WHAT YOU HAVE TO DO
The answer must be only the lines below from the one holding "O homem foi" down to the one holding "Retro style 80s", ends included, printed exactly; please omit all pictures.

INFORMATION GIVEN

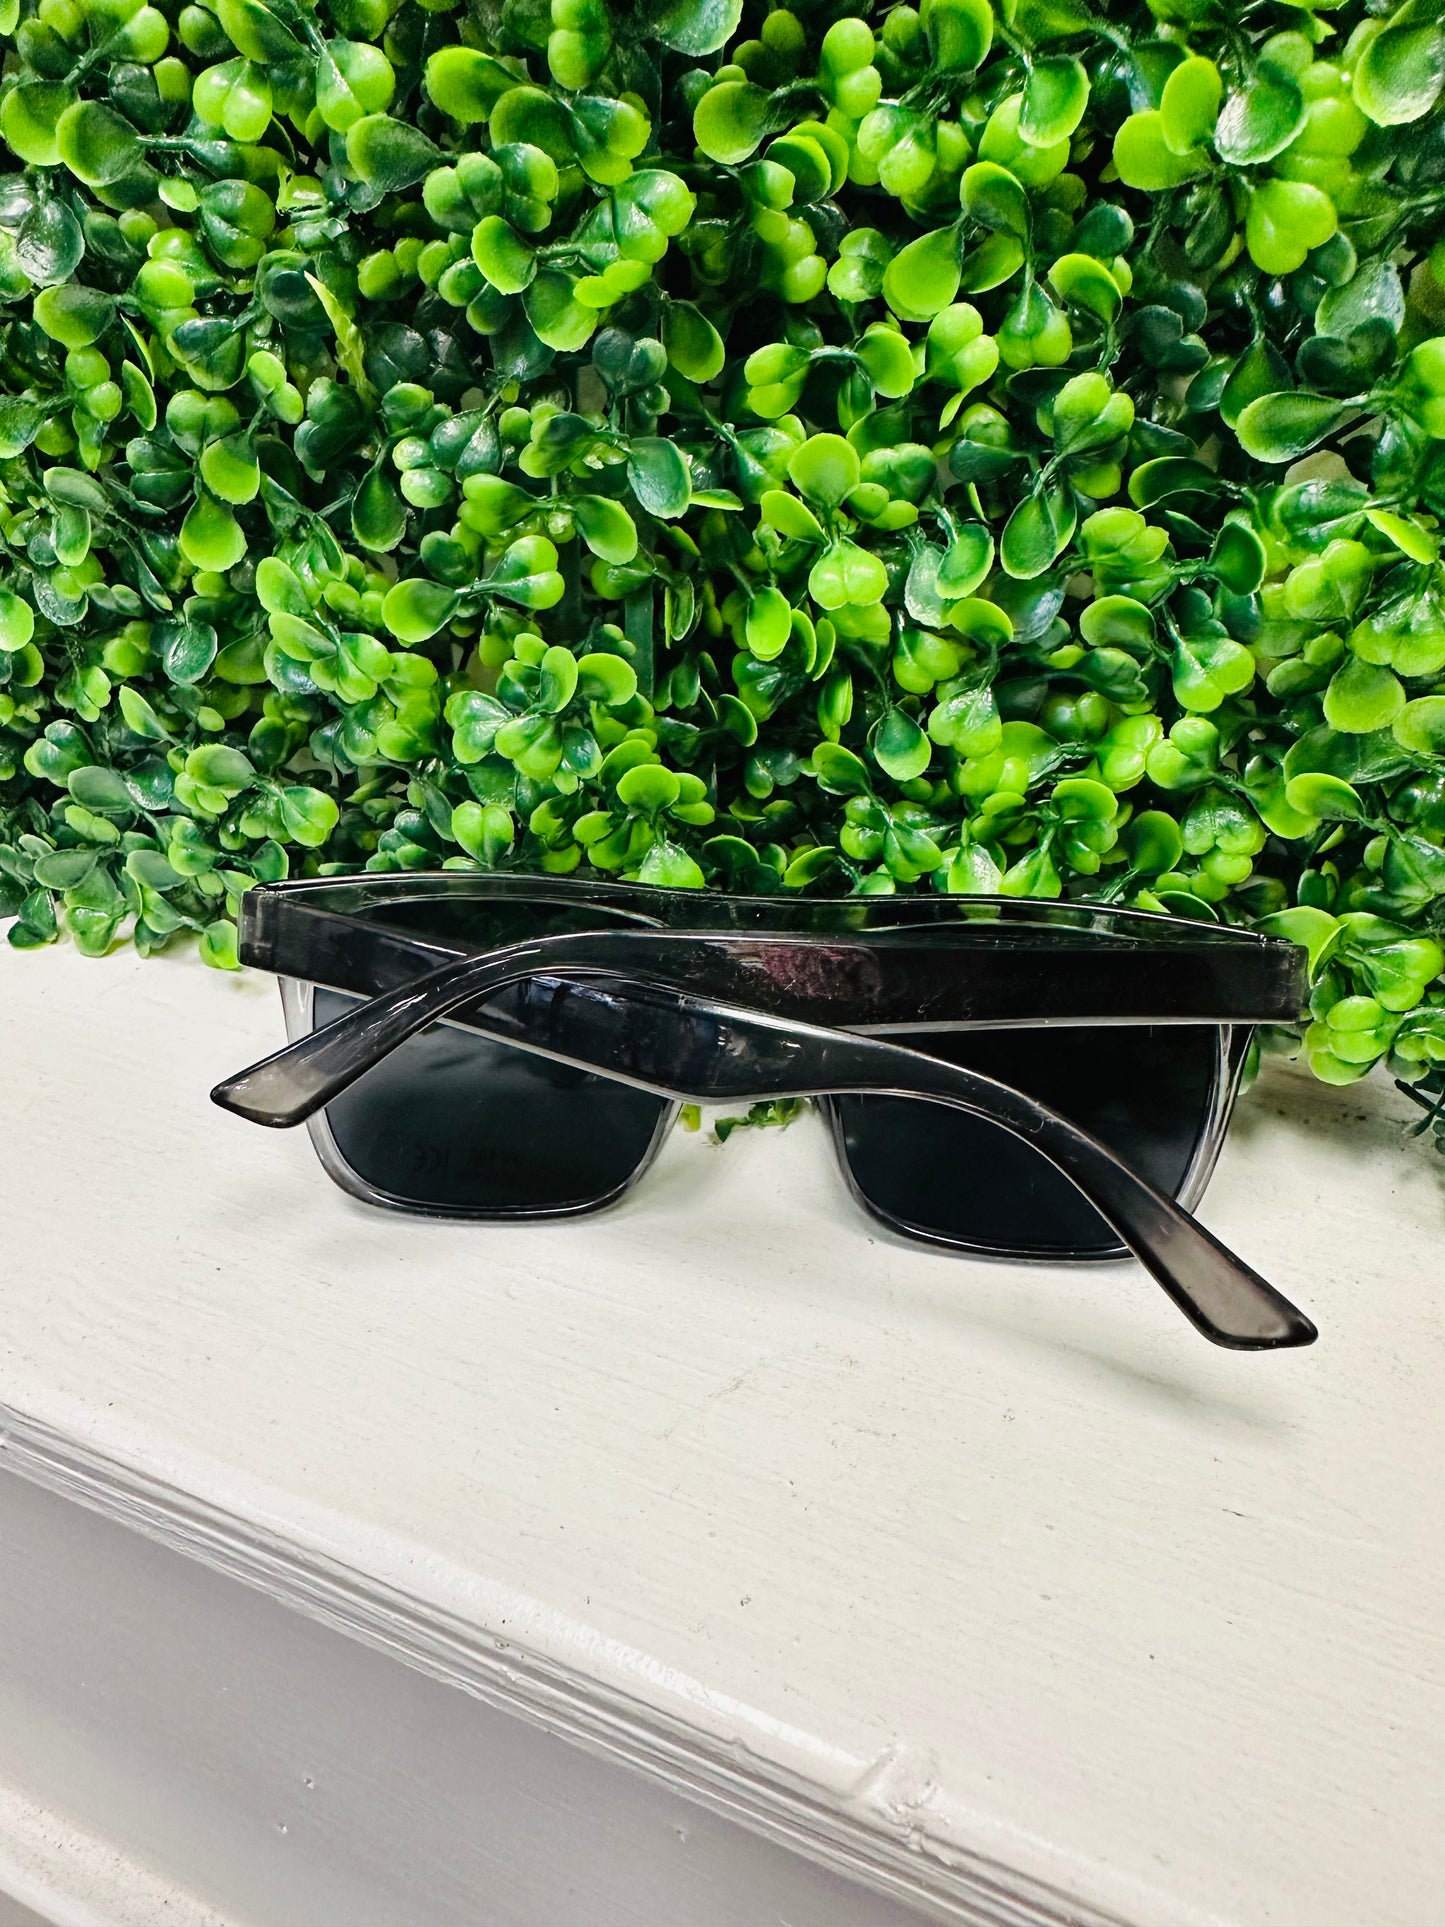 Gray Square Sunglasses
--
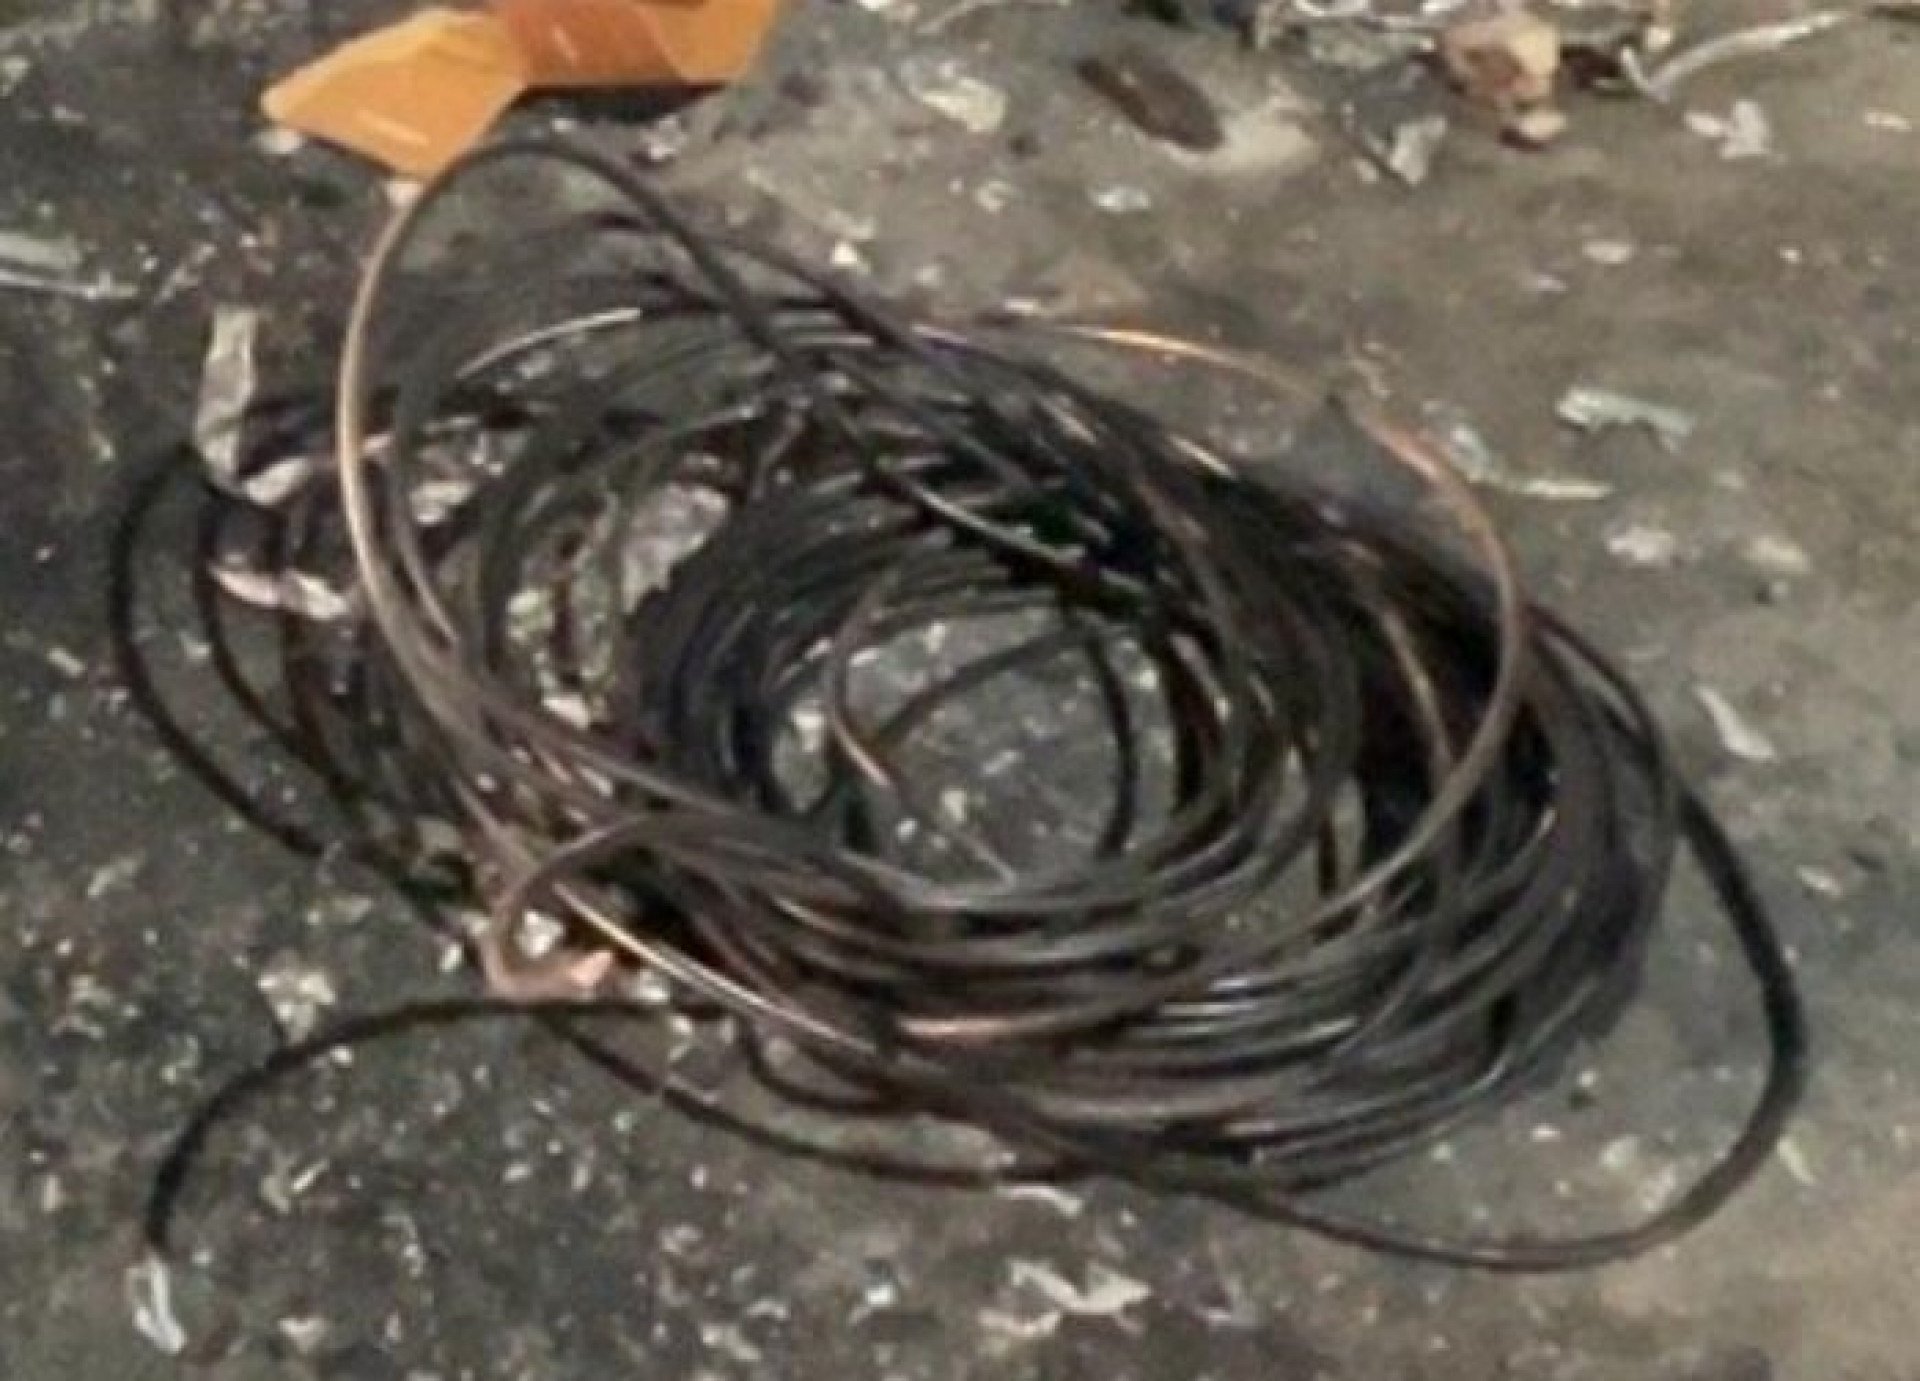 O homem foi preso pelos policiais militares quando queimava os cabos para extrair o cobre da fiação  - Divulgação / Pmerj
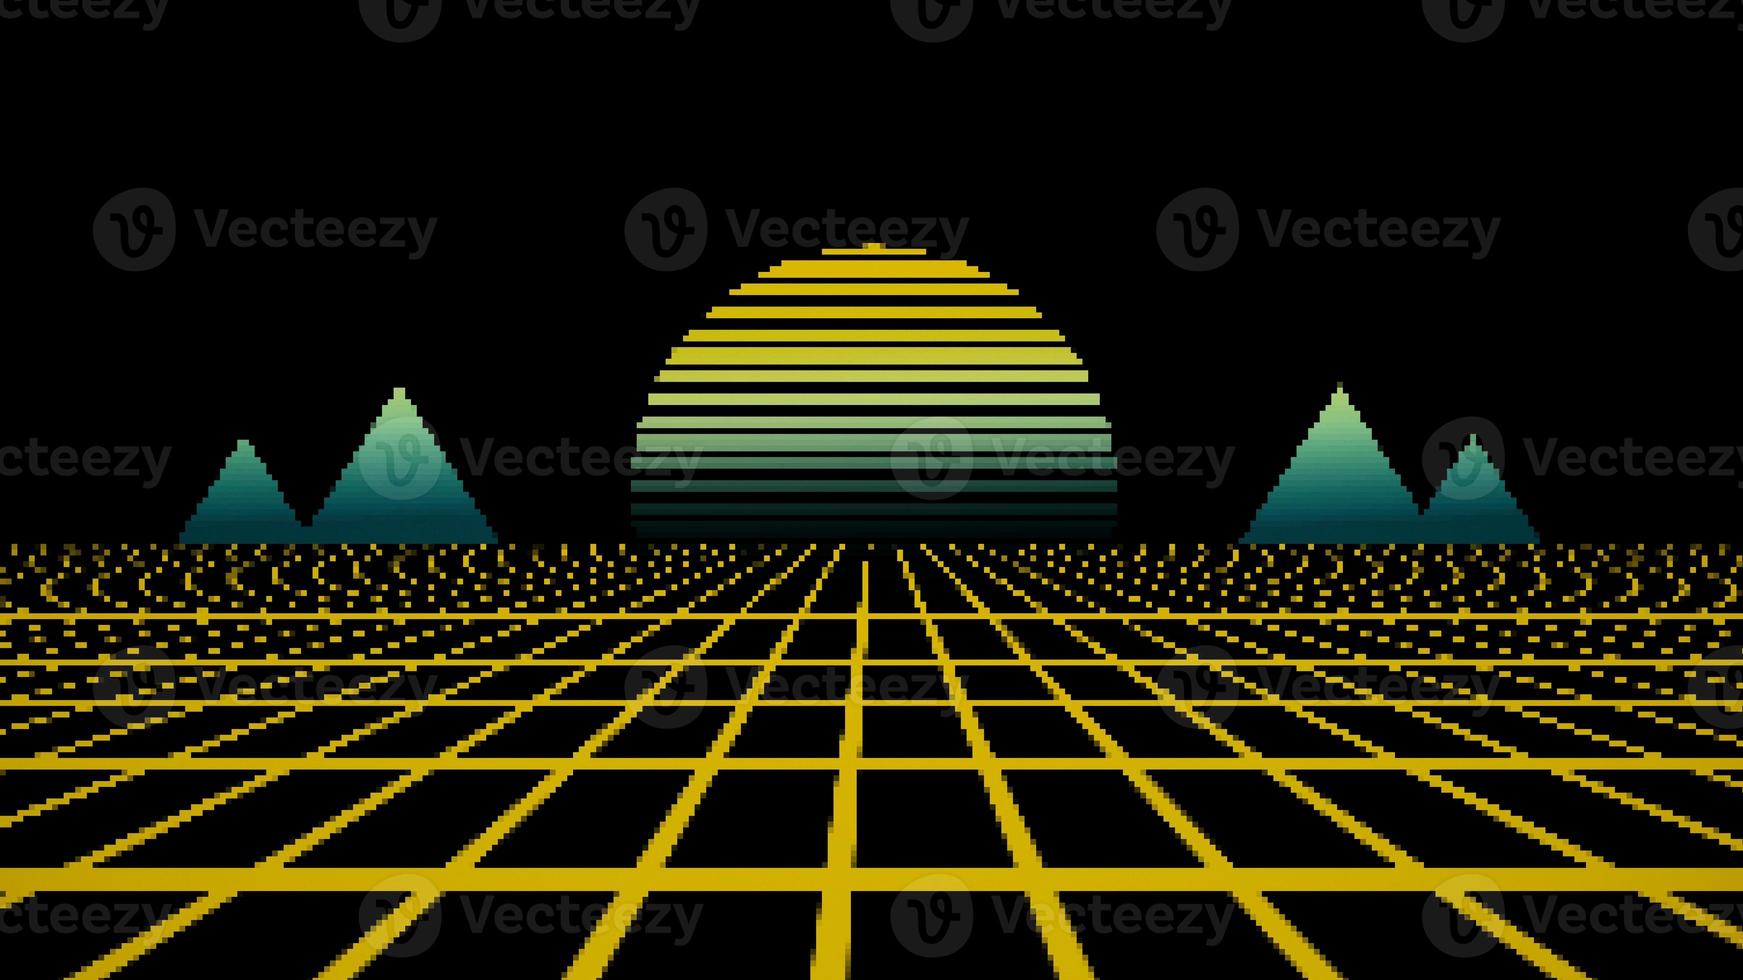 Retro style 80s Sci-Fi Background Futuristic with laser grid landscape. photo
==
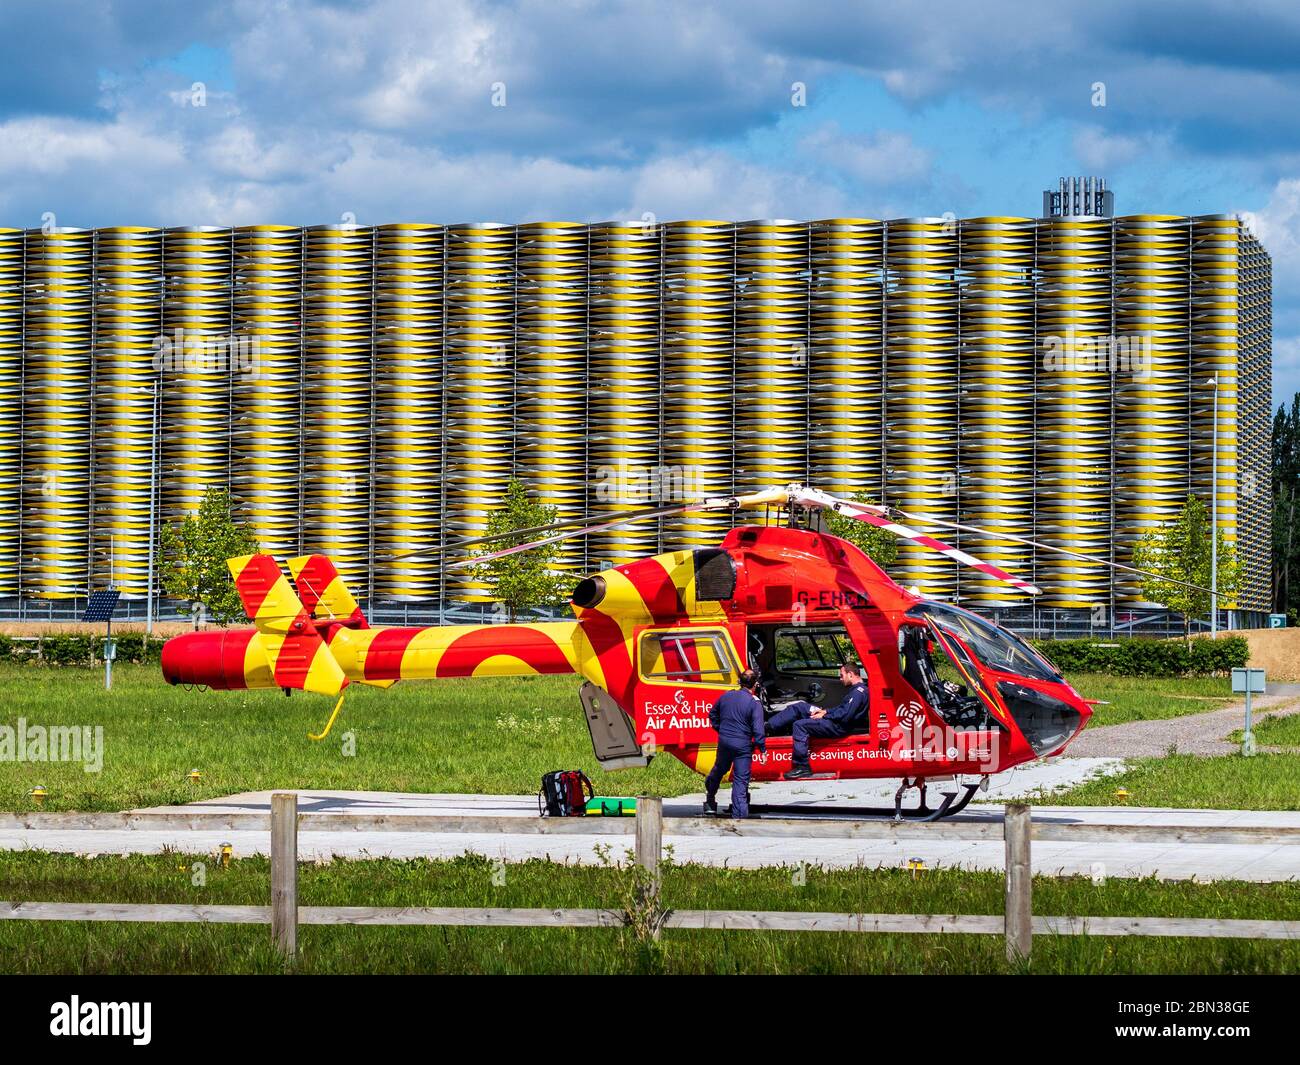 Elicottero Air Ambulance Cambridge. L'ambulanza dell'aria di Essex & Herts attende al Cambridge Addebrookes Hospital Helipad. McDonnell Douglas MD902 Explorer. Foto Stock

TASK SOLUTION
 O homem foi preso pelos policiais militares quando queimava os cabos para extrair o cobre da fiação  - Divulgação / Pmerj
 Retro style 80s Sci-Fi Background Futuristic with laser grid landscape. photo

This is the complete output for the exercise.